Description
Third branch in the polling-trigger v2 stack (#10001 → #10002 → this). Adds the orchestration runtime — the BatchPoller Temporal workflow — that drives a batch of polling-trigger runs through the claim → auth → poll → broadcast → commit pipeline pinned by the prior branches' state-machine spec + data model. Every activity ships in its own commit on top of a skeleton commit that introduces the workflow shell and stubbed activity methods.
Coexists with the legacy workflow
The workflow is intentionally named BatchPoller — distinct from the legacy workflow's registered name — so it occupies a separate slot in the Temporal registry and the new and old workers can be registered side-by-side without colliding. Storage is disjoint too: BatchPoller leases and commits against the workerdb polling_trigger_runs table introduced in #10001, while the legacy workflow operates on the registrydb tables it always has. Disjoint storage + disjoint workflow names means both pipelines can run simultaneously without interference — that's the migration knob.
Out of scope for this PR
No worker wiring yet. This PR only adds the workflow definition + activity methods + tests — it does not register BatchPoller (or its activities) on any Temporal worker, and does not add an fx provider / Start* entry point under workers/. As a result, merging this PR alone has zero runtime effect: nothing will dispatch BatchPoller executions and no worker will pick them up. The registration, fx wiring, task-queue plumbing, and timer-shard dispatch hook-up will land in a follow-up PR on top of this stack.
How to review
Please review commit-by-commit, not via the PR-level diff. The skeleton commit lands the workflow shell with five stubbed activity bodies (errors.New("not implemented")); each follow-up commit replaces exactly one stub with its real body and ships that activity's helpers, tests, and any new metric. The PR-level diff folds all of that together and reads like a single ~4k-line drop. Each commit individually compiles (go build ./... + go vet -tags service_isolation ./... verified at every commit) so you can also check out a single commit and poke at it in isolation if it helps.
The stack so far
- #10001 — workerdb
polling_trigger_runs schema + claim/commit store
- #10002 — state-machine spec + Go data shapes + ObjectStore abstraction
- this — workflow + 5 activities
Commits
| Commit | Contents |
|---|
test(thermos): add uber/mock-based mocking for Apollo HTTP client | Pre-existing test infra. Used by the activity tests in this PR. |
feat(thermos): add BatchPoller workflow skeleton | Workflow + dependency bundle + 5 stubbed activity methods, plus S3 blob plumbing, the per-trigger Mercury invocation extracted into lib/polling, and the shared service-isolation activity harness. |
feat(thermos): wire BatchPoller ClaimAndSnapshot activity | Bootstrap activity — leases workerdb rows and writes the in-S3 blob; the retry / CAN-successor path picks up the existing blob and resets failed entries back to claimed. |
feat(thermos): wire BatchPoller FetchAuth activity | Apollo /conn/batch fan-out with toolkit-grouped sub-chunks and Vercel-payload-too-large halve-and-retry; new polling.trigger.fetch_auth_error metric. |
feat(thermos): wire BatchPoller PollMercury activity | Bounded-concurrency Mercury Lambda fan-out (500), per-trigger trigger_version resolution kept co-atomic with the new poll state; new polling.trigger.platform_error metric. |
feat(thermos): wire BatchPoller Broadcast activity | Per-chunk /state POST loop with shrink-on-success durability, 410-aware disable path, transient errors park remaining chunks for the next retry. |
feat(thermos): wire BatchPoller Commit activity | The only PG-writing activity — single batched UPDATE, DB-first then timer-arm ordering, ForceCommit on the final CAN hop so no lease leaks past MaxRetryCounter. |
How did I test this PR
go build ./... and go vet -tags service_isolation ./... pass at every commit in the stack (verified by checking out each commit in a temporary worktree).
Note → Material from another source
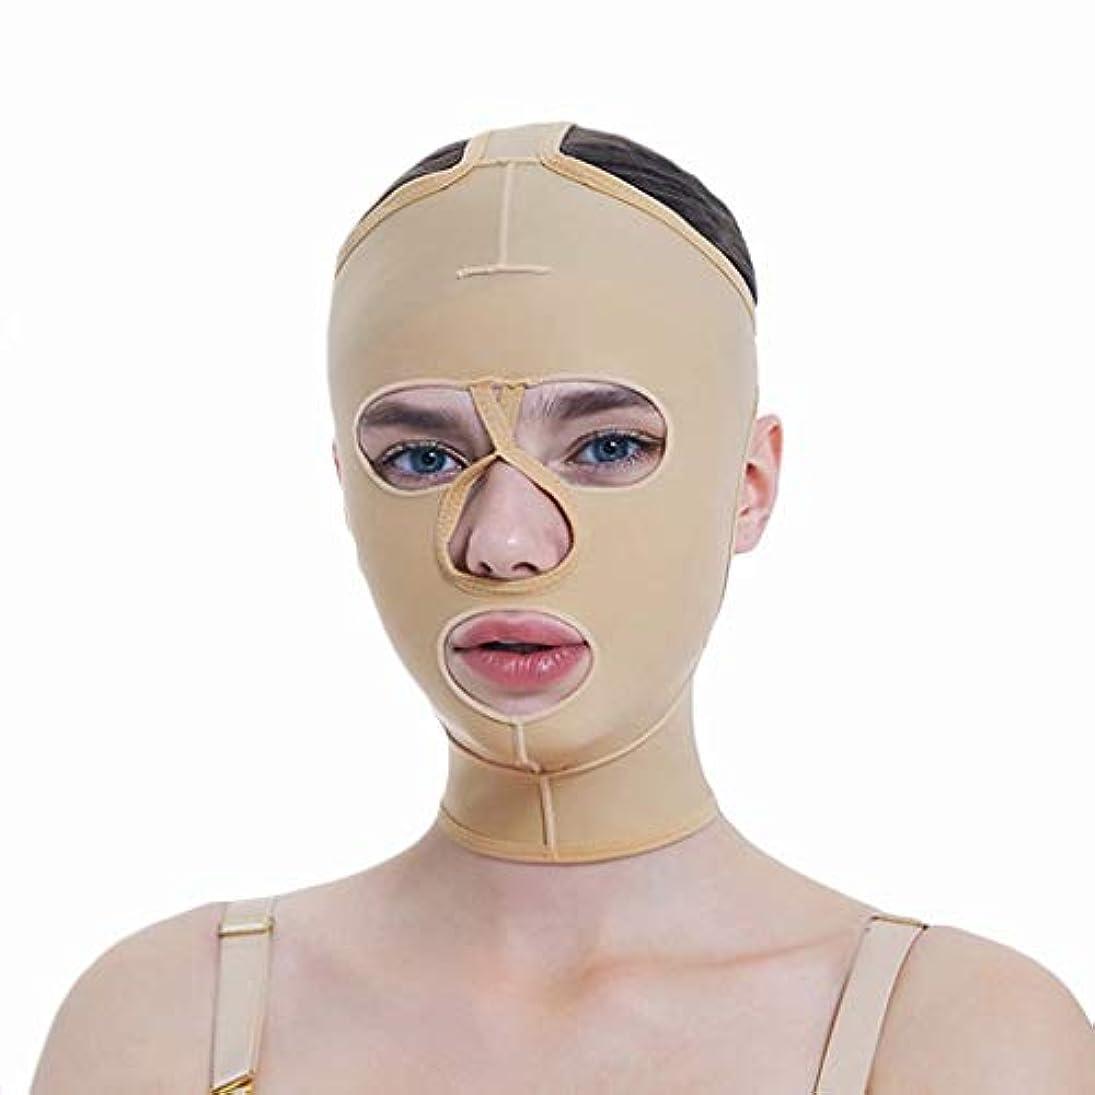 限定適切に比較的フェイシャル減量マスク、フルカバレッジ包帯、フルフェイスリフティングマスク、フェイスマスク、快適で リフティングシェーピング(サイズ:S),M

- Per-activity in-memory tests under
apps/thermos/workers/polling/pollwf/*_test.go — verdict-projector unit tests + the Apollo wire-layer paths (halve-on-payload-too-large for FetchAuth, the 200/410/transient classifier for Broadcast) against the uber/mock HTTPClient.
- End-to-end activity smoke tests under
apps/thermos/service_isolation/workflows/pollwf/ against a real workerdb + in-memory ObjectStore + in-memory TimerManager via the shared harness. Run via service_isolation/run_service_isolation_tests.sh.
Because no worker registers BatchPoller yet (see "Out of scope" above), there is no production / dev-environment runtime test in this PR. Runtime validation will land with the worker-wiring follow-up.